Daniel J. Green is an editorial consultant and freelance writer based in Asheville, N.C. In addition to his consulting work with organizations including the American Council on Exercise, International Association of Fire Fighters and Agriculture Future of America, Daniel writes an ongoing blog series covering lifestyle change for NBCbetter.com. He has also written feature articles for local publications in Western North Carolina (WNC), including WNC Parent and WNC Magazine.
ACE-SPONSORED RESEARCH: Can Stand-up Paddleboarding Stand Up to Scrutiny?
Stand-up paddleboarding (SUP) originates from modes of transport used by ancient cultures in Africa and South America and made its way to Southern California via the Hawaiian Islands in the early 2000s. Since then, this highly enjoyable activity has spread across the country. In addition to its growing popularity on the coasts, it’s not unusual to see packs of paddleboarders traversing rivers all over the nation’s interior. In addition, there are festivals, races and professional competitions that celebrate and help expand the popularity of the sport.

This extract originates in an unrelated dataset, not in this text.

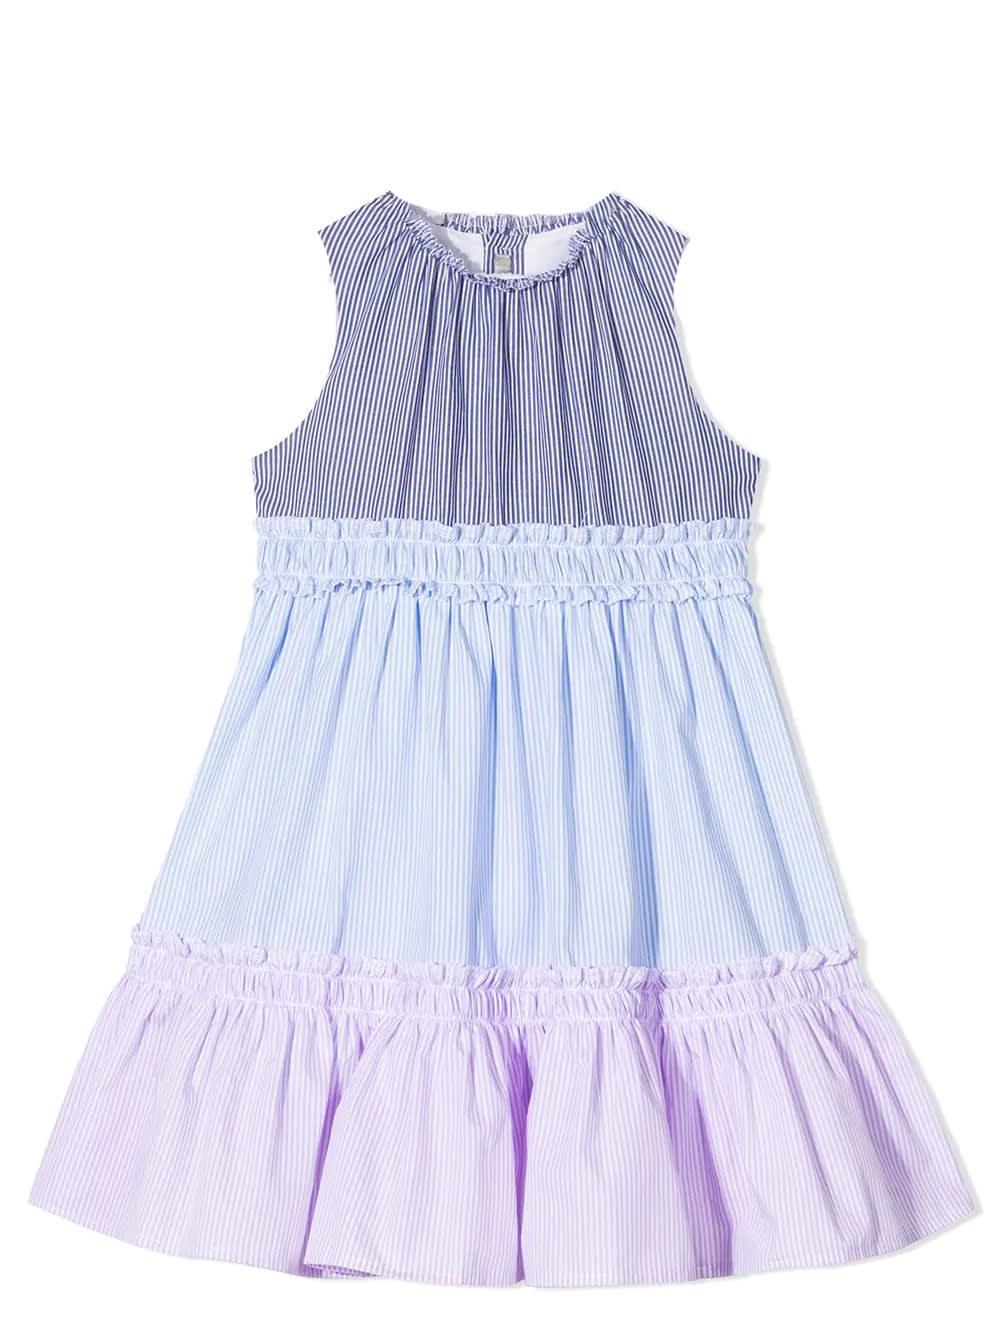 Il Gufo Cottons STRIPED DRESS

Anecdotal reports from SUP enthusiasts suggest that participants derive many benefits from participating in the sport, including increased muscle strength, core conditioning, enhanced balance and improved cardiorespiratory conditioning.
The core workout comes from the constant need to maintain balance on an ever-shifting surface via contractions in the abdominal and other core muscles. Because there is limited data to support these claims, ACE enlisted a team of researchers led by John Porcari, Ph.D., at the University of Wisconsin–La Crosse to determine if the core muscles are sufficiently activated during stand-up paddleboarding to provide a training benefit.

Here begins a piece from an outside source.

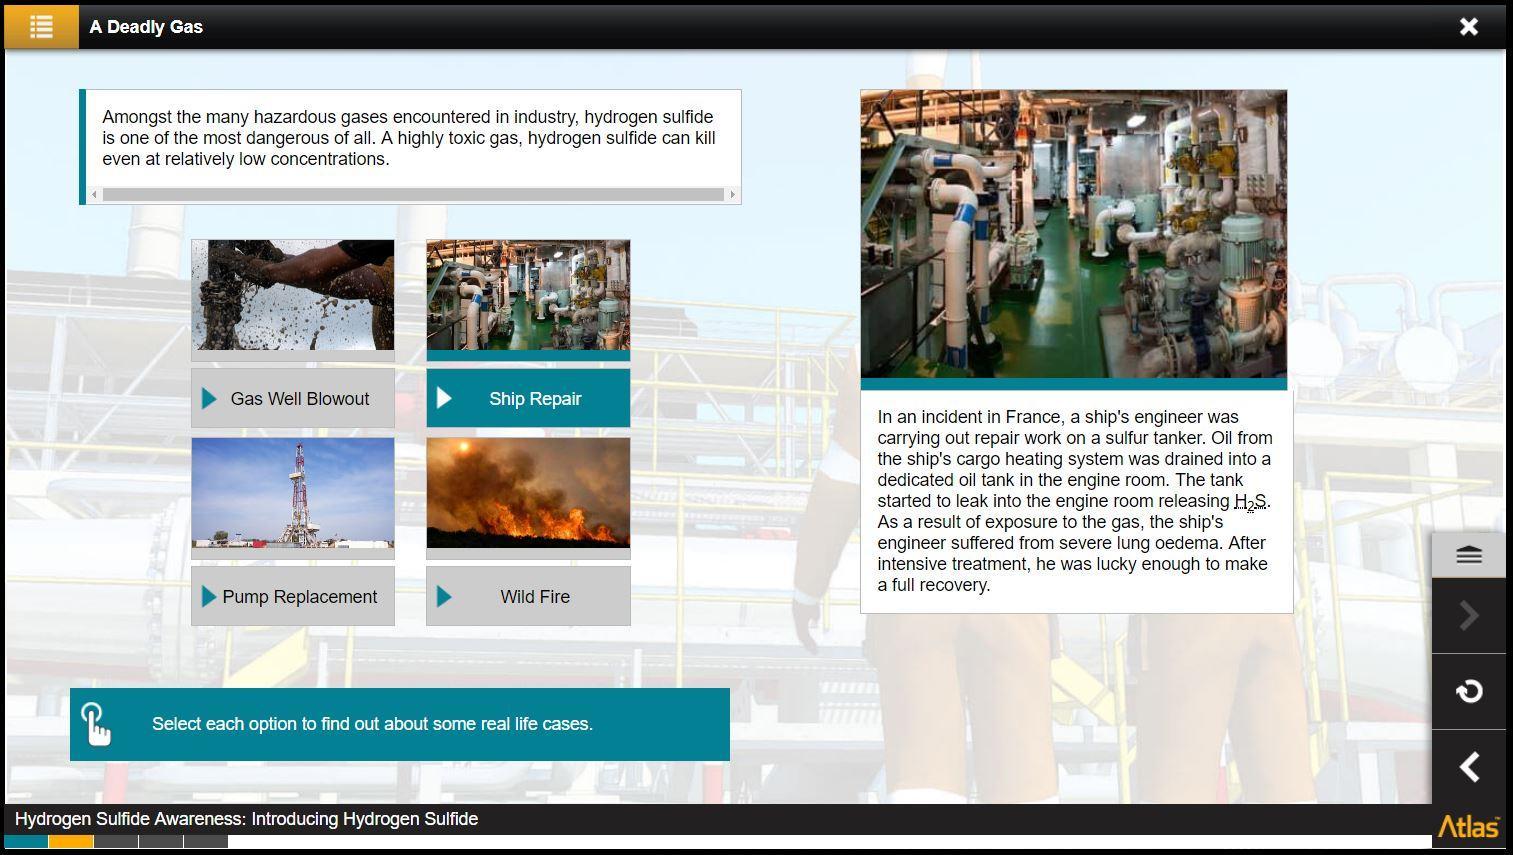 Hydrogen Sulfide Awareness Training 3

For the second study into the physiological effects of SUP, ACE enlisted the help of Jeanne Nichols, Ph.D., and her team of researchers at the University of California, San Diego, to determine and compare cardiorespiratory responses and the energy cost of SUP in both novice and experienced paddlers under laboratory and on-water conditions.
Study #1: Core Muscle Activation During Stand-up Paddleboarding
Autumn Vogel, B.S., John P. Porcari, Ph.D., Maria L. Cress, M.S., Clayton Camic, Ph.D., Attila Kovacs, Ph.D., Kimberly Radtke, M.S., and Carl Foster, Ph.D.
For this study, researchers recruited 13 apparently healthy volunteers (six men and seven women) between the ages of 21 and 25 years, all of whom had experience with SUP (Table 1). After some practice sessions, participants completed a round of testing during which electromyography (EMG) electrodes were placed on three muscles of the core (Figures 1 and 2):
- Rectus abdominis
- External oblique
- Erector spinae
To begin, subjects were asked to perform an exercise targeting each of the three muscles to elicit a maximal voluntary contraction against which the results of the SUP session could be compared.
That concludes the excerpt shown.